Улыбнулся. И тут извозчик умудрился выпендриться. И тут тему для слухов на пустом месте создал. Боюсь даже думать, о чем завтра по углам шептаться станут. И ведь в его, кухтеринской, воле — куда пожелает, туда сорока хвост и повернет.
— И ты будь здрав, любезный… — Под шубой у мужичка новая поддева алеет, как грудка снегиря. И шапка новая, беличьими хвостиками обшитая. Прибарахлиться успел, на трофейные. — Я в прошлый день приказывал, чтобы тебя доктор посмотрел. Выполнили ли мое распоряжение?
— Истинно так, батюшка генерал. И смотрел, и в рот лазил, и ошупал холодными руками всяво. В изъяне моем ковырялся да ваше превосходительство коновалом ругал. Я молчать-то не стану! Как человека просил спирту на донышке, штоб, значицца, болезнь похмельную излечить. Не-э-э. Куды там.

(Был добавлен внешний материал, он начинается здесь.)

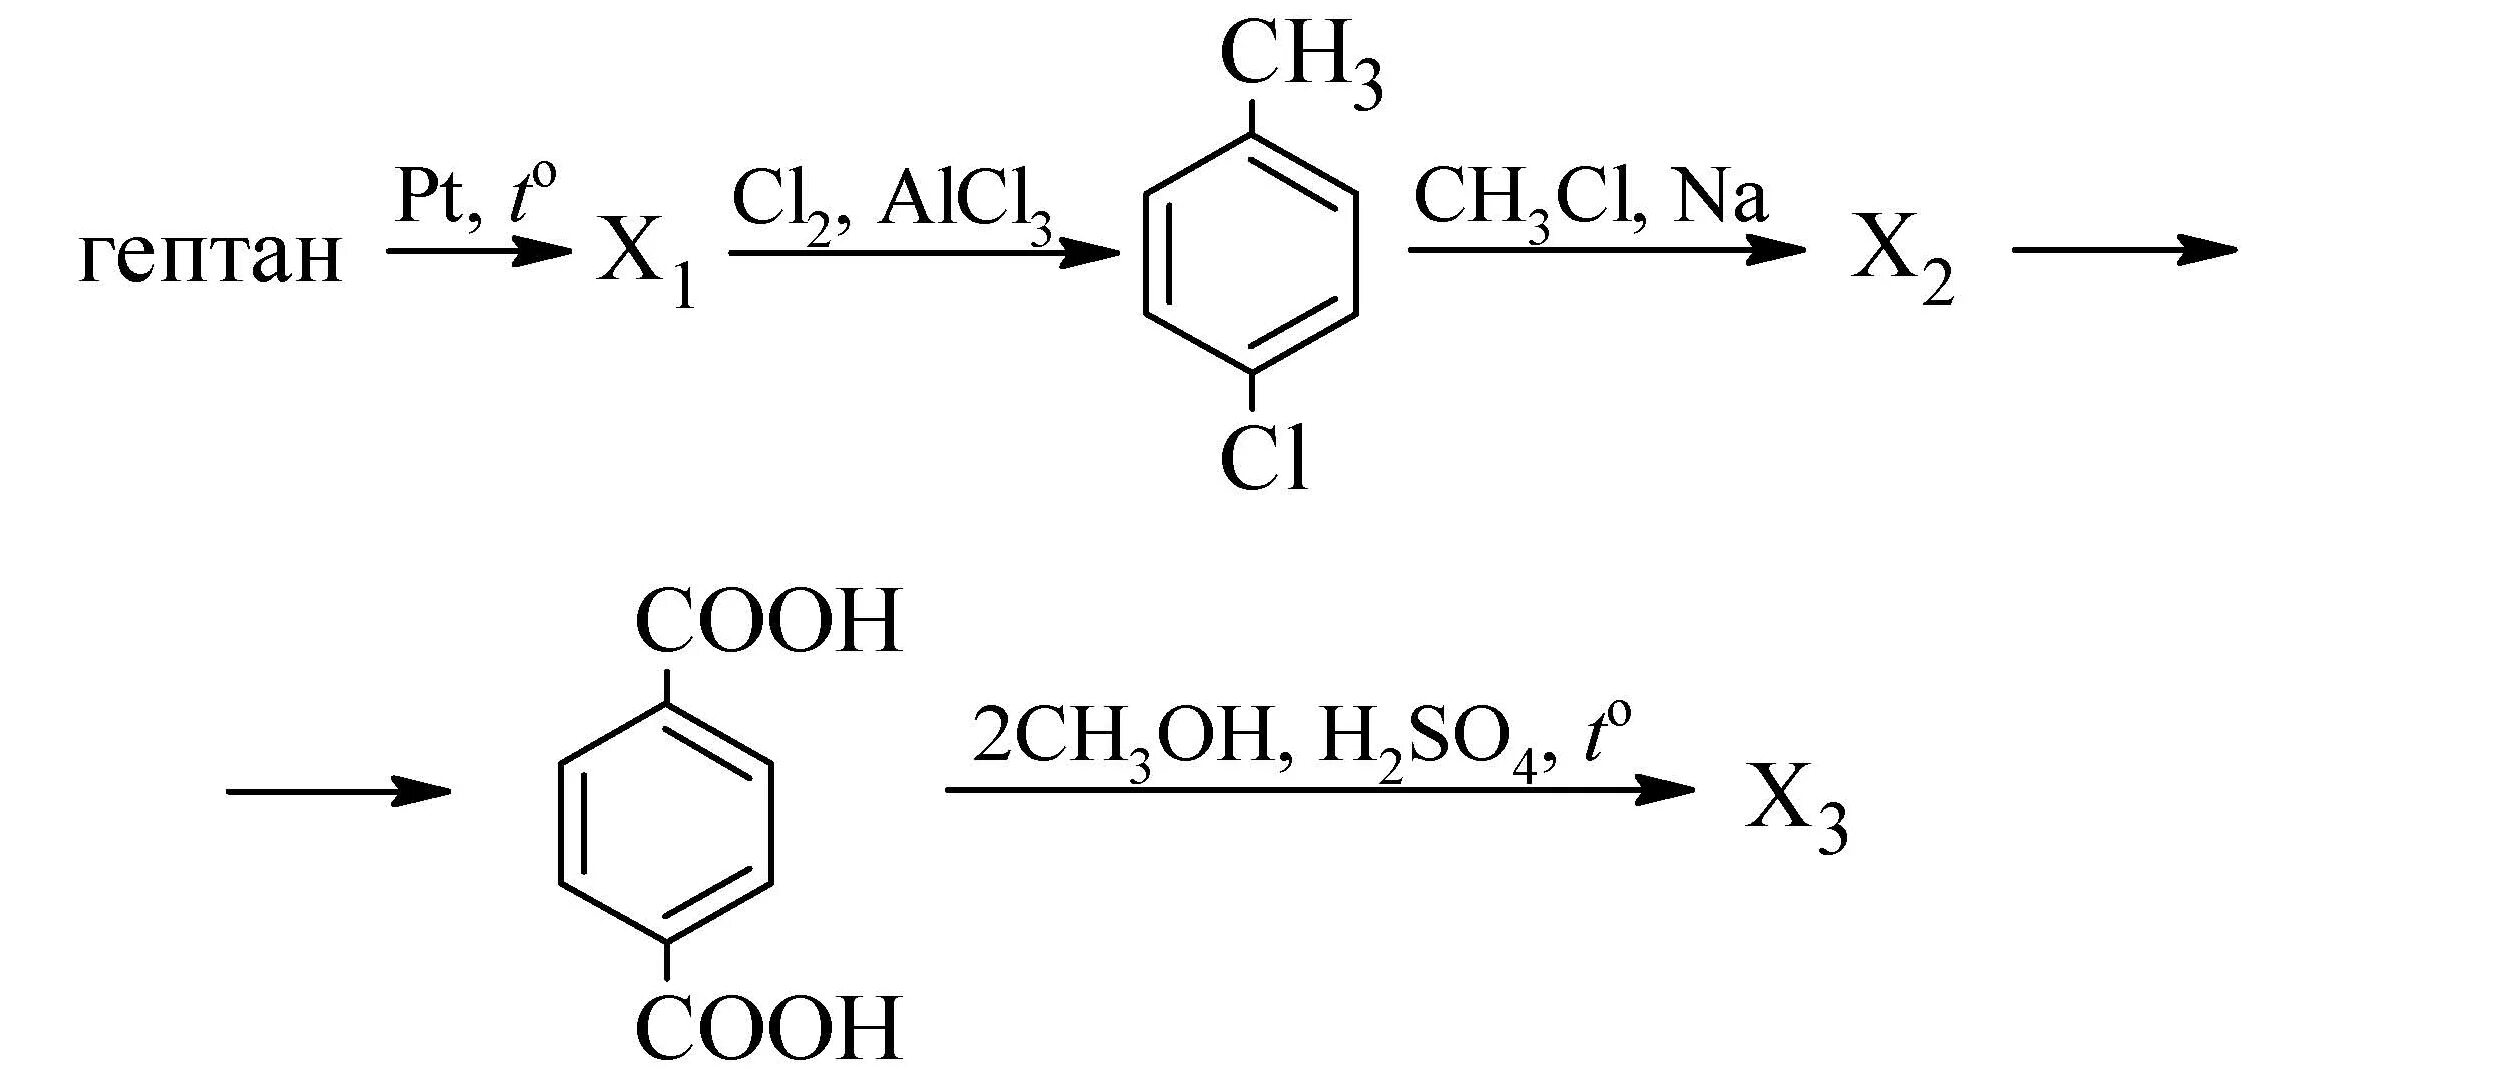 C6h6 cl2 реакция. Гептан pt t реакция. Гептан pt t x1 cl2. Цепочки реакций бензол. Цепочки превращения органических веществ.

Все на палки железные вылил, аспид. Он жо не генерал, штоб водкой спину коноводу не побрезговать помазать.
— Ругал, говоришь?
— Как есть ругал, батюшка генерал. И коновалом звал, и ентим… паталагаматором. Ажно на очочках стекла морщил и про спайки да рубцы причитал. Нитки-то Матренины ну давай тянуть. Я и выл, и ругался, а он даже спирту пожалел…
— Ай-яй-яй… Придется, видно, доктора на каторгу…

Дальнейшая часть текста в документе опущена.